The camp director pokes his head out the door and asks them to come inside for announcements, and they look at each other like, Is this guy for real? Flynn smiles at his new friends.

That night in the tent, Flynn lets his son fall asleep first. He takes Mookie the bear out to the car and hides him under a piece of luggage. He’s stripping down for bed when he sees his son’s eyes on him.

“Just try it without the bear,” Flynn says.

The boy closes his eyes.

But Flynn has not won this battle, not yet. In the morning, the bear is back on its T-shirt throne. Flynn is undaunted. The dew sparkles with sunshine and, Flynn imagines, with promise. Ryan goes off to the art shack for leather making. The camp isn’t really designed for earning beads — that’s what the weekly meetings are for — but he might be able to earn a bead of skill this morning.

Flynn crosses the field, and by the time he reaches the edge of the woods, his boots are soaked. He has offered to help build the sweat lodge. John Price is there with a cup of coffee and a cigarette. The camp director, a giant ring of keys jangling from his belt, introduces a special visitor, a man with a long brown-and-gray ponytail down his back. His name is Henri, pronounced the French way, though he has a distinctly southern accent. He says he’s one-sixteenth Cherokee. He has a certificate in Native American studies. Sweat lodges are used as a means of purification, he says, of the body and the spirit.

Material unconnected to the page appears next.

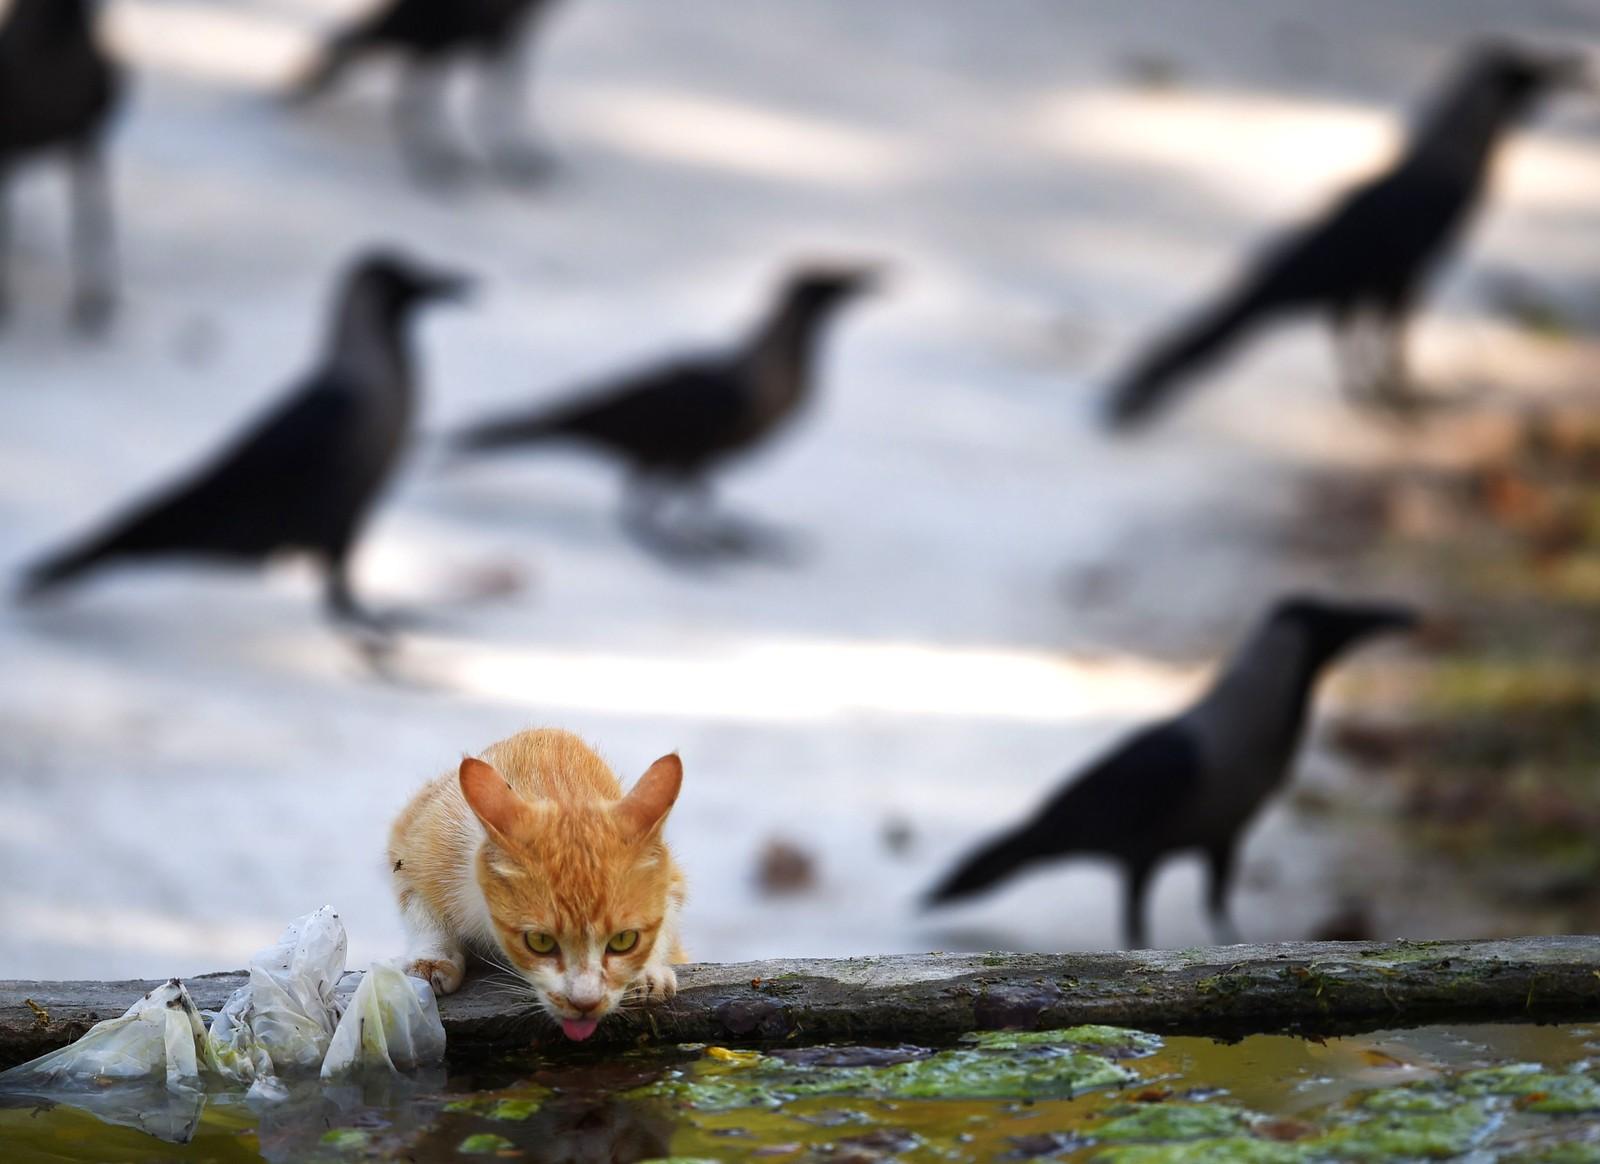 En tørst katt drikker vann under en varm dag i en dyrehage i Islamabad i Pakistan.

Sitting in a sweat lodge can help you reach a deeper level of consciousness. Sometimes the spirit travels.

Henri asks for volunteers to gather the firewood and rocks. He asks for more volunteers to cut down and strip small saplings. He distributes hatchets. He uses string and a stick to sketch out a circle with a ten-foot diameter. He instructs everyone to be as silent as possible. He’s tapping on a drum. John Price rolls his eyes at Flynn. They jam the saplings into the ground and bend them toward the center. Henri sends John Price and Flynn to collect grasses for the floor of the lodge, and if they find any sage, even better.

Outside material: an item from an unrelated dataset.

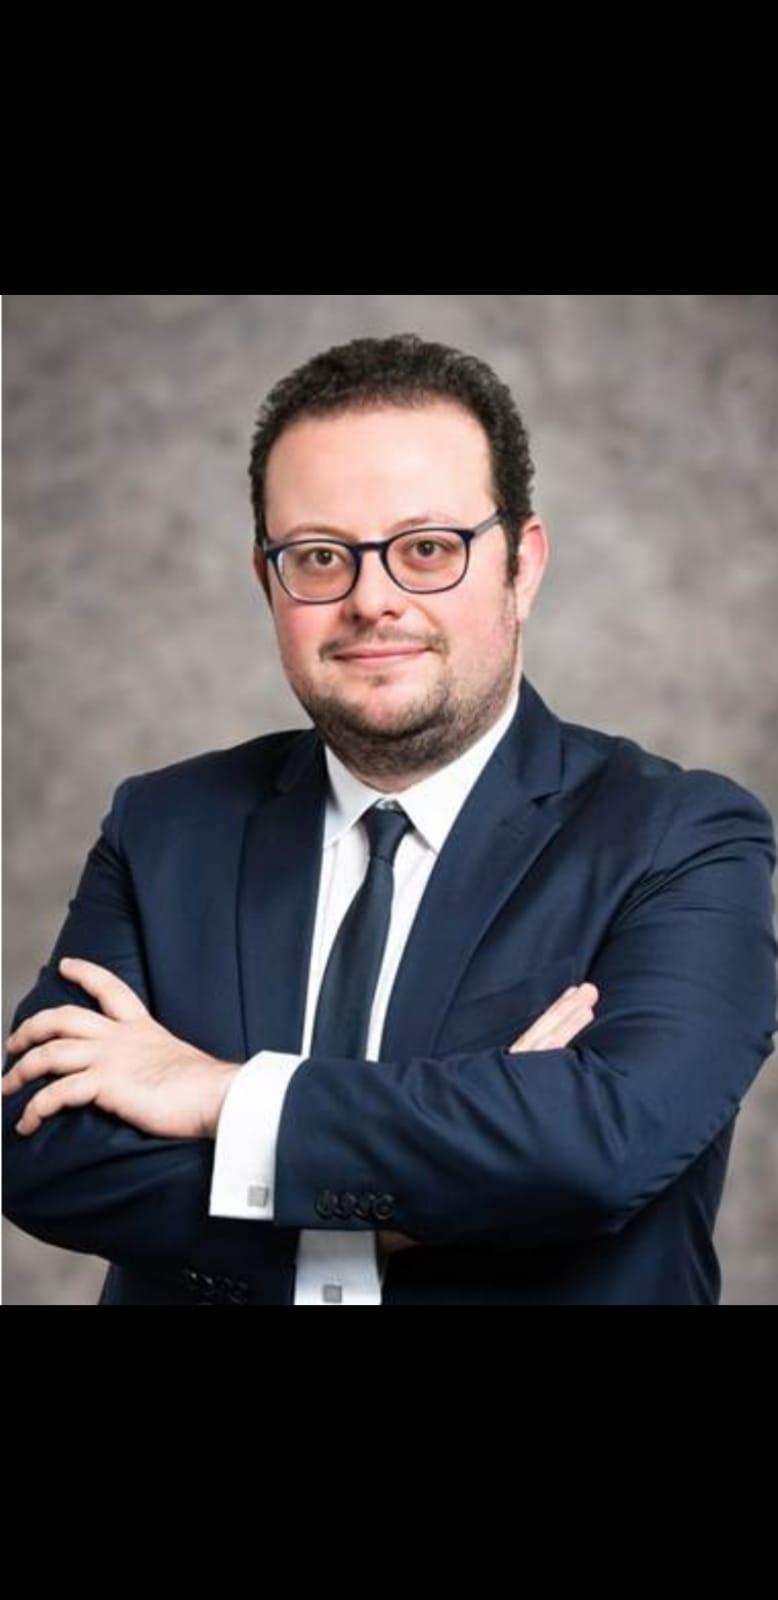 Ralph Moughanie- Noe BGS's new Board Member

They move through the trees, hunched like hunter-gatherers.

“Where did they find this guy anyway?” John Price asks. “Do you think they just Googled hippie and bullshit and this guy was number one on the list?”

Flynn’s not sure. Will John Price try it out, though?

“Sure, why not?”

Their arms are full of green grass and dead leaves. “So,” John Price says, smiling, “I finally got it out of my son last night. The First Truth.”

“Oh.”

“Yeah. He was on the verge of falling asleep. I feel a little guilty about it. To be honest, I thought it was kind of anticlimactic. But I suppose that’s the way it is with these things. There’s a reason the Catholic Church only wanted priests reading the Bible, you know? You want me to tell you what it is?”

“Okay,” Flynn says.

“You sure you want to know?”

“Yes.”

“Okay, here it goes. Let the mind enter itself. Let the dark burn bright.

They’re walking back to the sweat lodge. Flynn is quiet.

“It’s okay,” John Price says. “I have no idea what it means either. My kid definitely doesn’t. Probably doesn’t mean anything. You know the guy who founded the Grasshoppers did time in prison, right? He also wrote fantasy books. That’s how he made all his money.”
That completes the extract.